What am i missing? Please, any help would be very much appreciated.
Thanks,
Leo
Tagged:
0
Answers
If the only data you have is a time series of vehicle counts with a timestamp, then you would need to window the data so that a given vehicle count at a moment in time is accompanied by regular attributes corresponding to vehicle counts in the past. The model would then try to predict the vehicle count now based on the previous vehicle counts. The Windowing operator is the one to use for this.
Typically, you will probably also want to add other features to the data set. Examples would include the hour of the day, the day of the week and so on. You can do this by using the Generate Attributes operator on the timestamp to extract the required detail.
Hello awchisholm,
thanks for your quick response....I am not good with coding, so i use the rapidminer operators "from the box"...
I checked from the available operators and there's no "Windowing" operator, so could you help me understand this a bit more.
Also, my original data has several attributes including, the station_ID, Start_time (mm/dd/yyyy hh:mm format), Road_Lane, Traffic_direction and Traffic_count. See my attached file for the first 20 rows of the collected data.
How would you suggest i proceed, to use neural net and the given attributes to predict traffic for a future date and time?
Hopefully, my questions make sense
Thanks.
Hello
The Windowing operator is in the Series extension so you would need to download and install it. I don't know your data so it might not be appropriate to use it if you have data from many different locations rather than one.

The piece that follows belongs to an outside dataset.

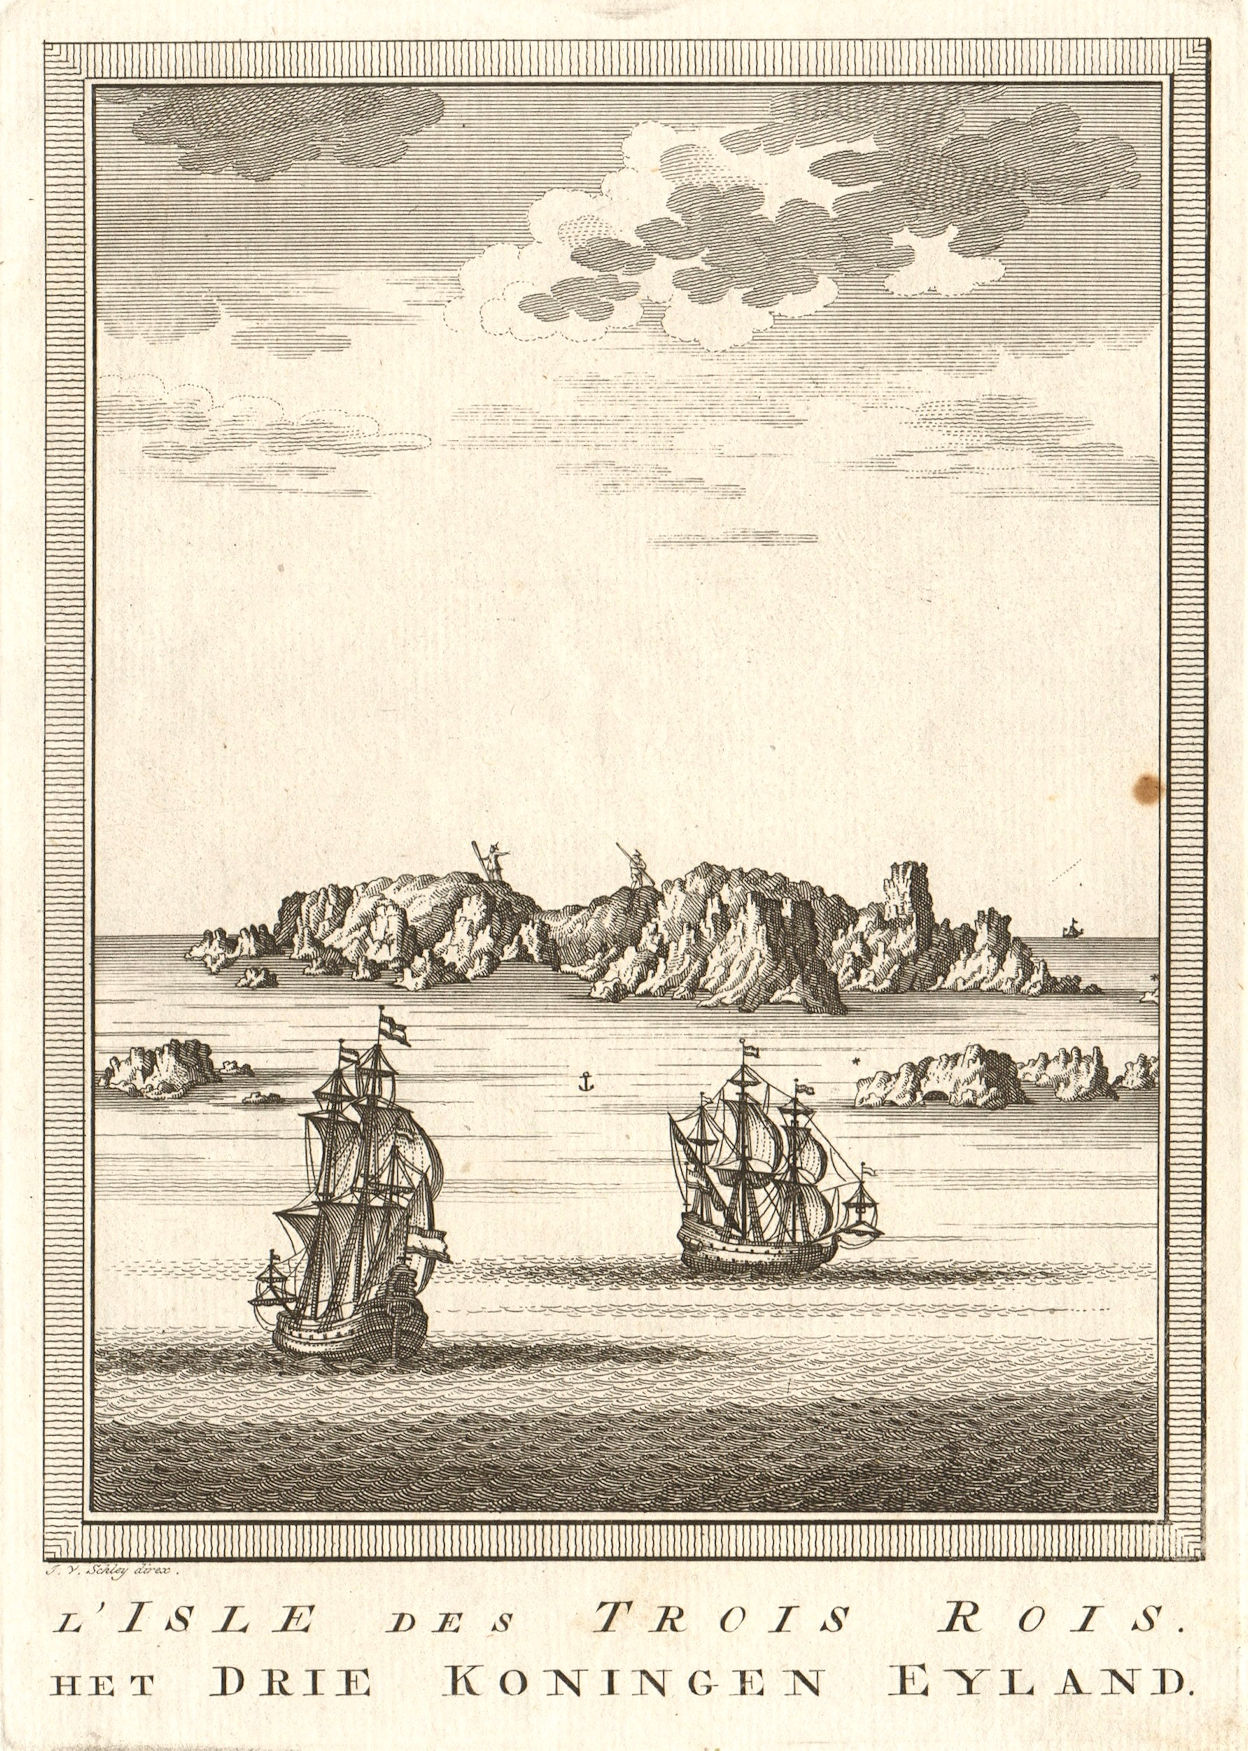 Three Kings Islands / Manawatawh, New Zealand. Abel Tasman 1643. SCHLEY 1758

Given that you have some additional attributes, you could certainly try to use these. An important thing to do is to set the role of attributes that you want to exclude from the analysis. So I can see that station_ID should be probably be an id and starttime should be given a role that is not regular - i.e. you can use "starttime". You can use "Set Role" to change the role of attributes. I would suggest that RoadLane, TrafficDirection should be regular attributes and TrafficCount should be the label. I don't know your data but it seems likely that you wouldn't get good results without additional features. This is where Generate Attributes comes in to allow the creation of new regular attributes like Hour, Day and so on from the starttime.
regards
Andrew
Hi Leo,
Prior to me joining RapidMIner I was in the transporation world, mostly trains but dealt with auto traffic counts occasionally.
What Andrew is suggesting (Windowing) will likely be the way you analyze the data set going forward but I think you might want to do some aggregation beforehand.
From your screenshot, the timestamps appear to be in 15 minute increments and in two directions. I'm not sure if you want to aggregate it to the hourly level but if you do, you want to use the Aggregate operator first.
I wrote up an explaination of using the Windowing operator here, check that out first.
Is there any specific reason why you want to use a Neural Net algorithm in this case? They can be hard to train.
Hi TBone and Andrew,
Thank you for your help.
I have gone through the first part of the challenge...i.e. the neural net training and i realized i was using too many different data points (different Lanes, Directions, different measuring_Stations, etc) hence it was difficult to get the proper results. But when I used data from one measuring point (station), same direction, same lane, same Time on different days (e.g. 10:00 a.m. every day for one month), then it seems to work well.
My next question is that now I have trained the model and tested it successfully, how do i use this information to then predict the traffic volume at that same point in for the next month? So model was trained on January traffic data. How do i predict traffic data using the trained model for other months February, March, April, or even January of the next year?
Best regards,
-Leo